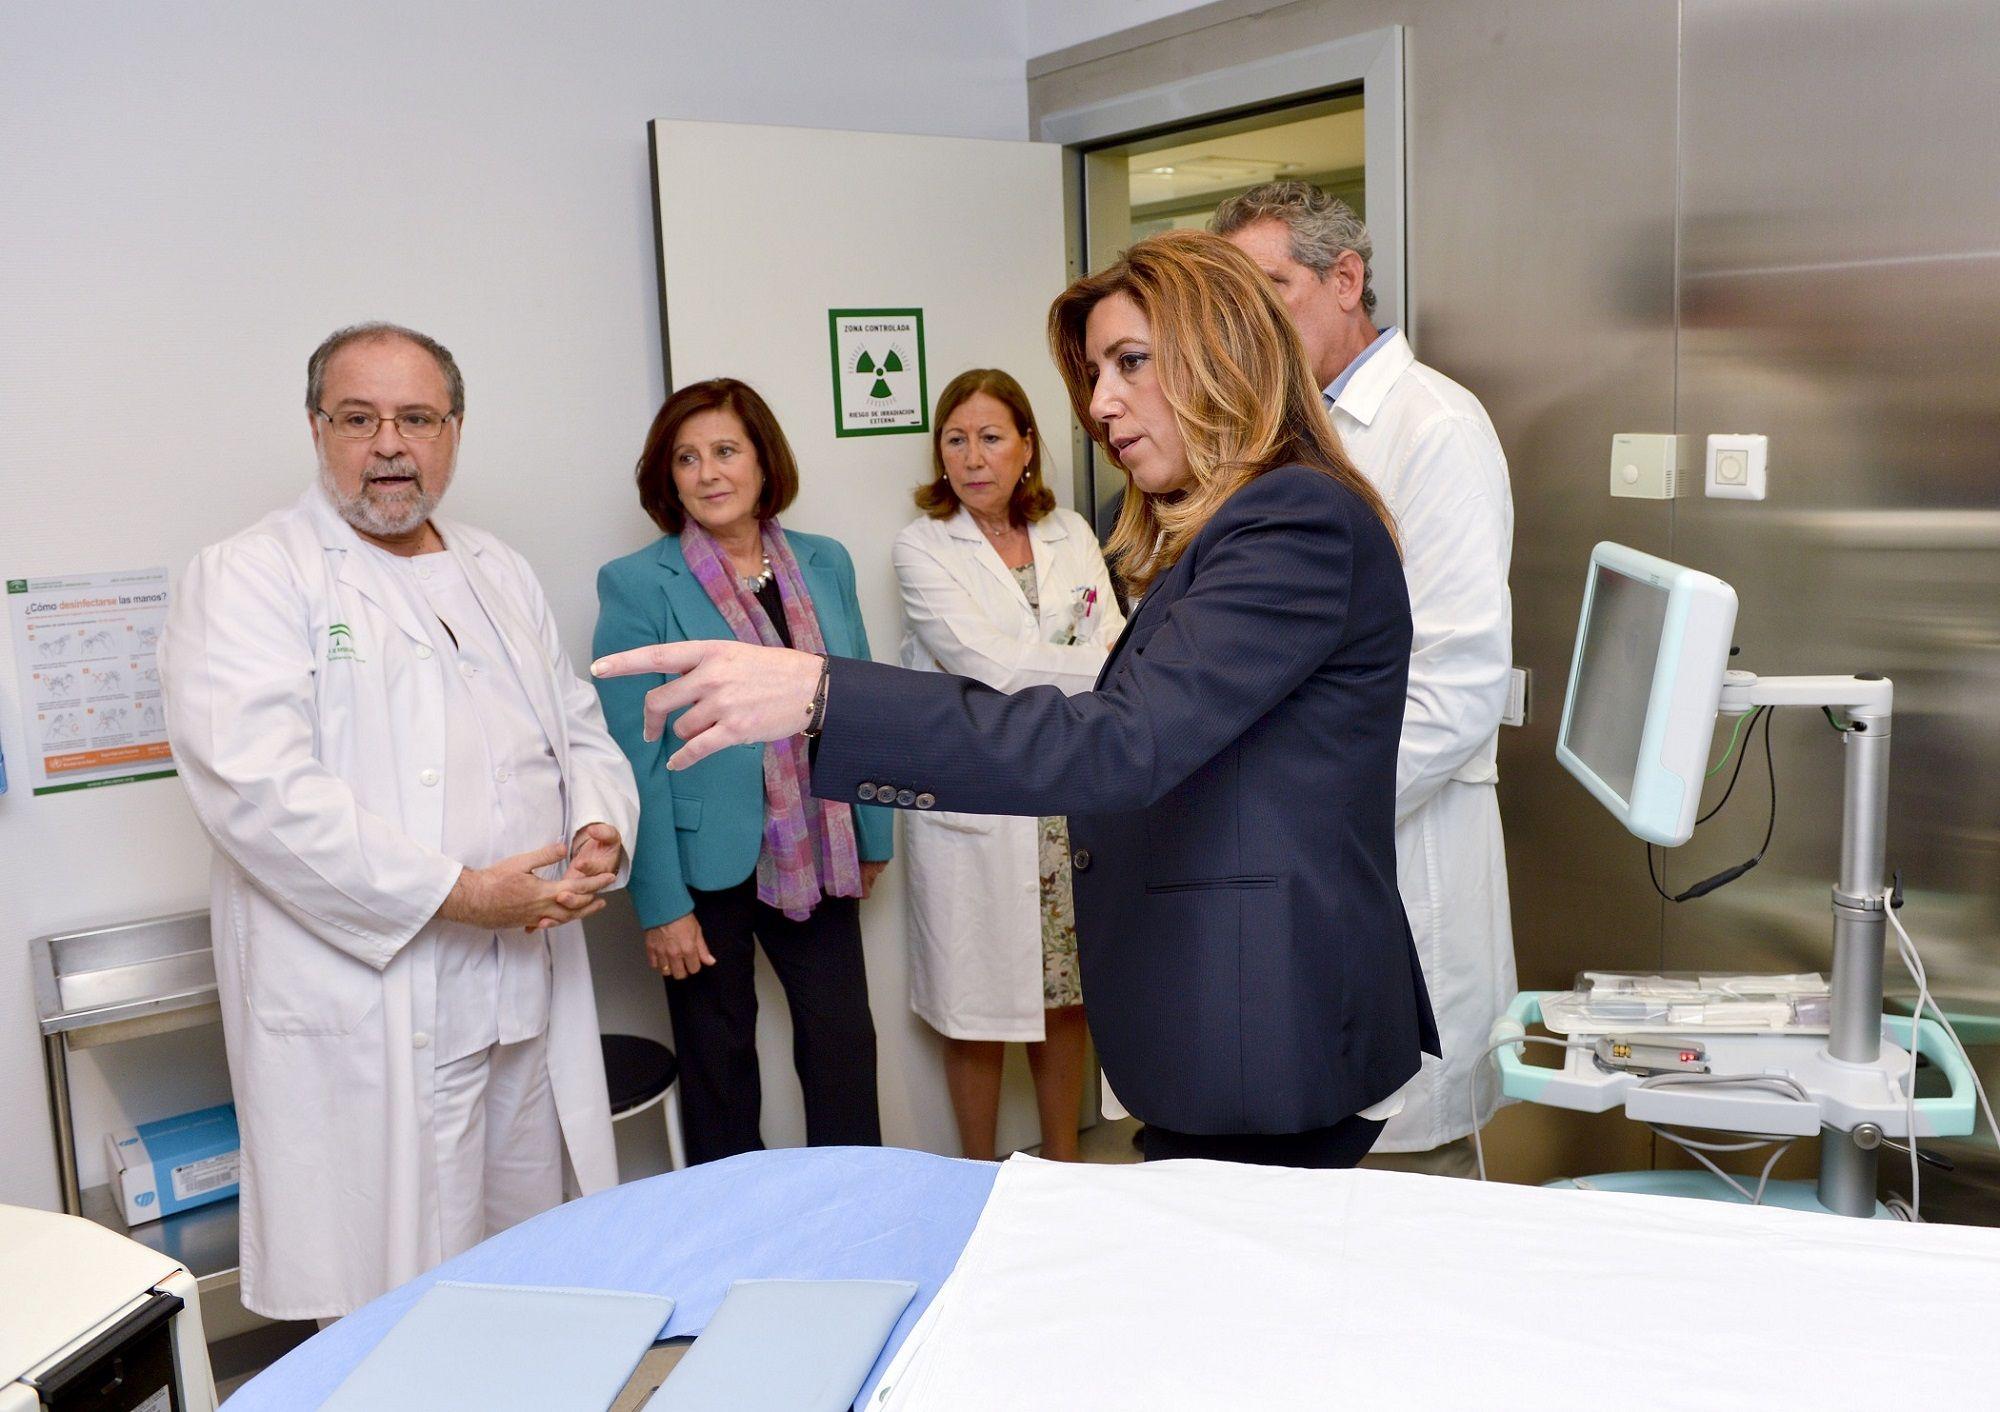 SAS Junta Andalucia Hospital Valme
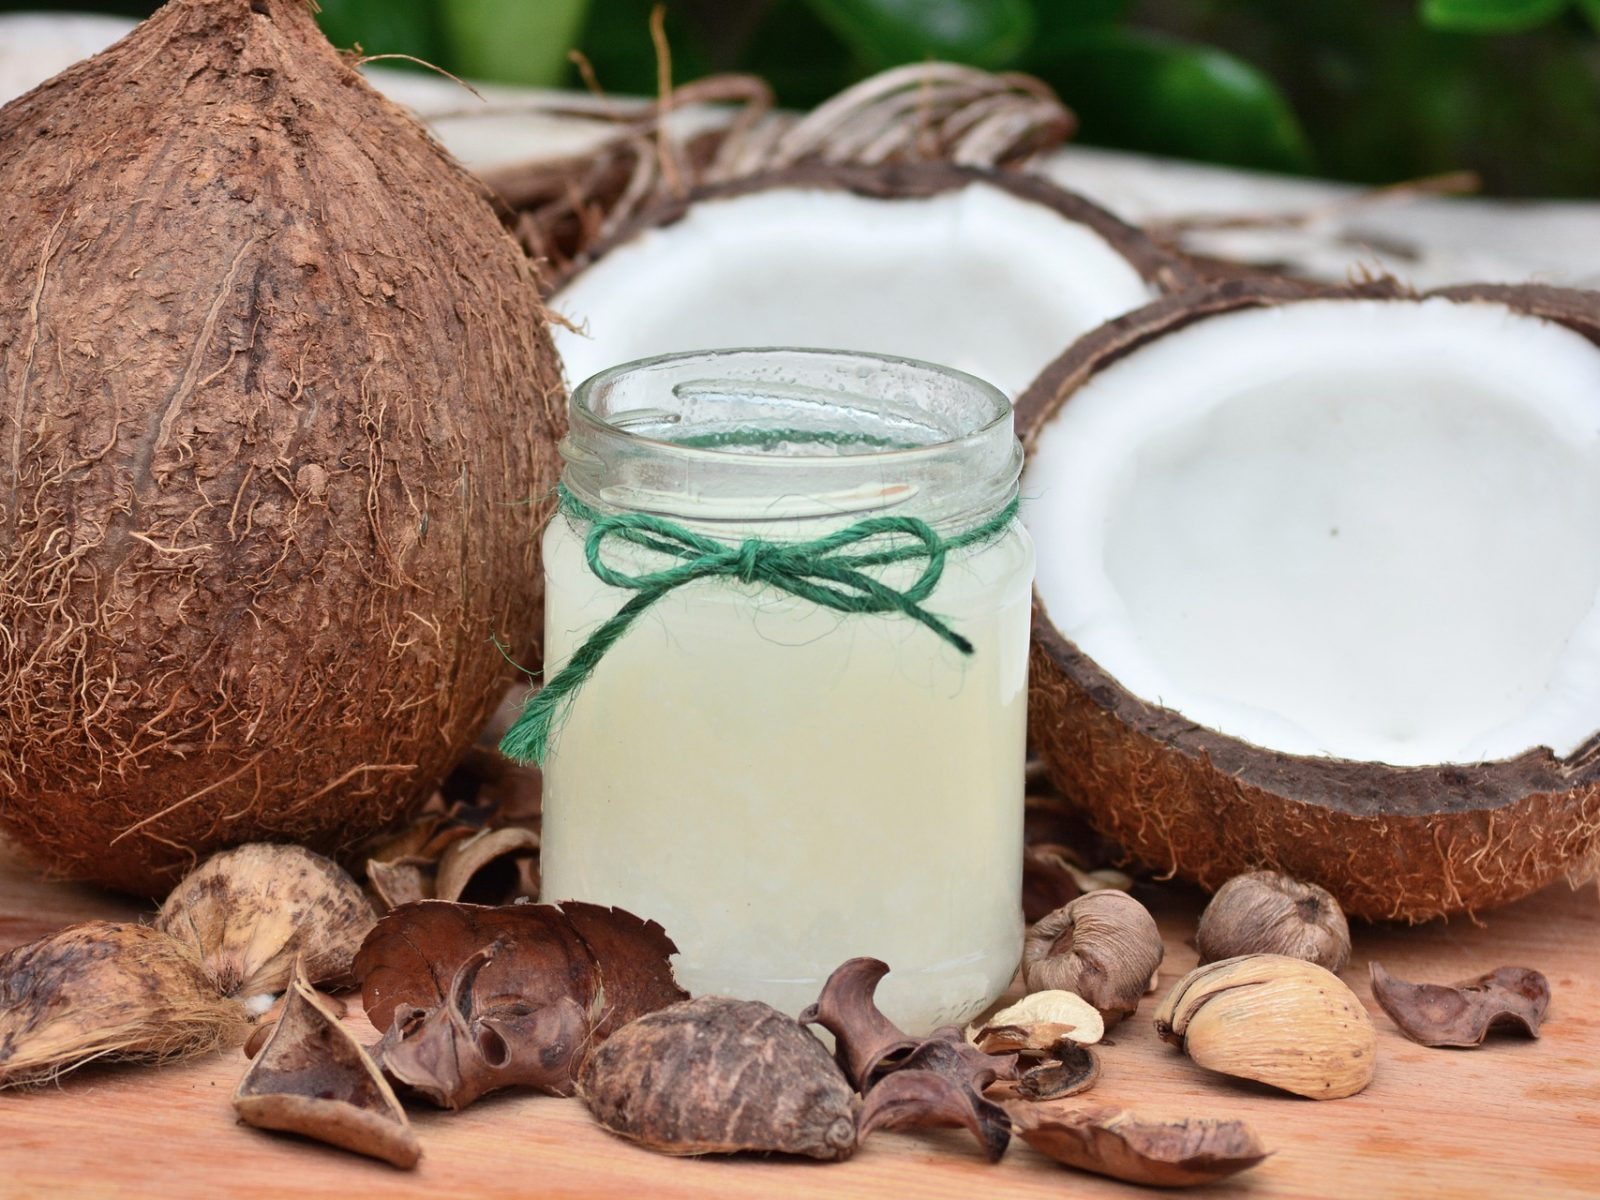 Kokosöl Superfood fürs Gehirn
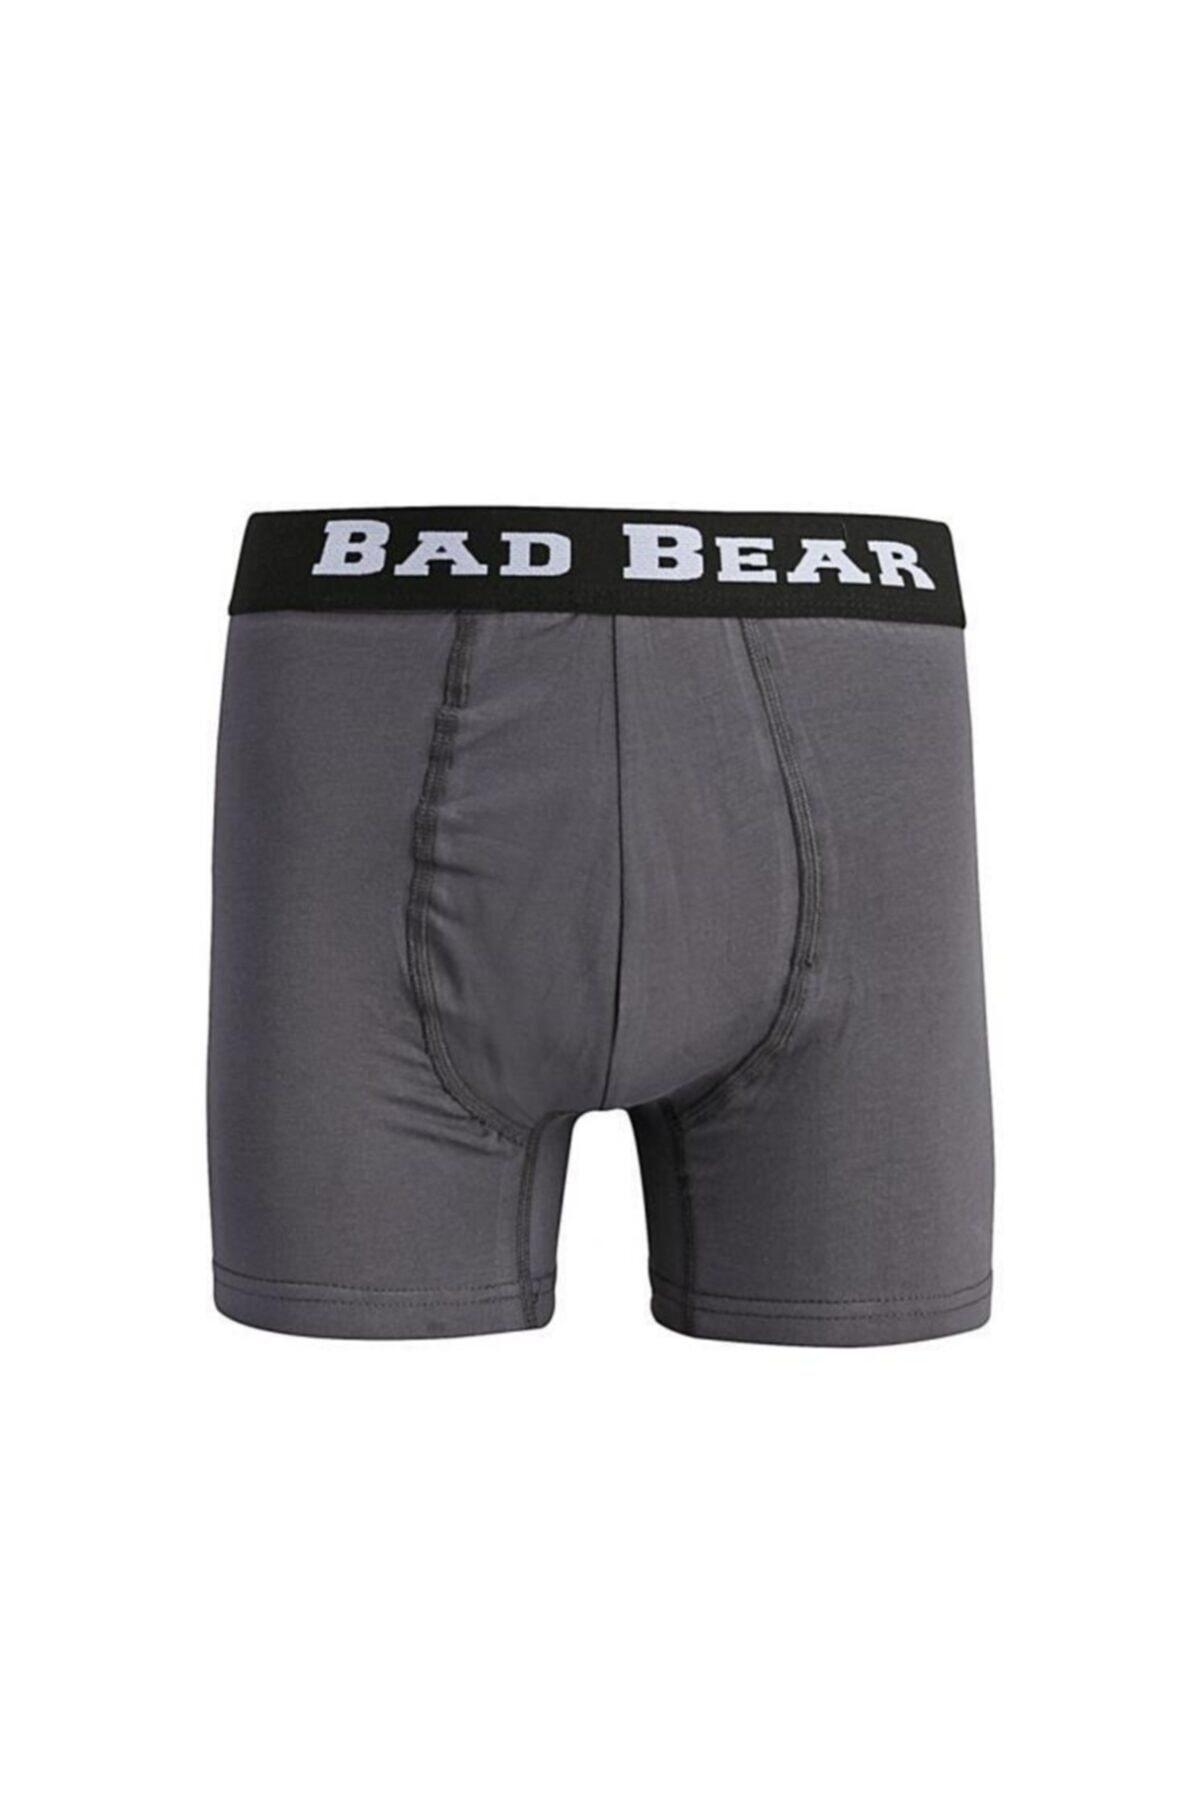 Bad Bear Erkek Boxer Düz 18.01.03.019 1

▸ **WHAT IS EXPECTED**: Emit the lines of the data above from the one containing "Kokosöl Superfood fürs Gehirn" through its final line, both endpoints included. Pictures do not belong in the output.

▸ **TASK ANSWER**:
 Kokosöl Superfood fürs Gehirn
 Bad Bear Erkek Boxer Düz 18.01.03.019 1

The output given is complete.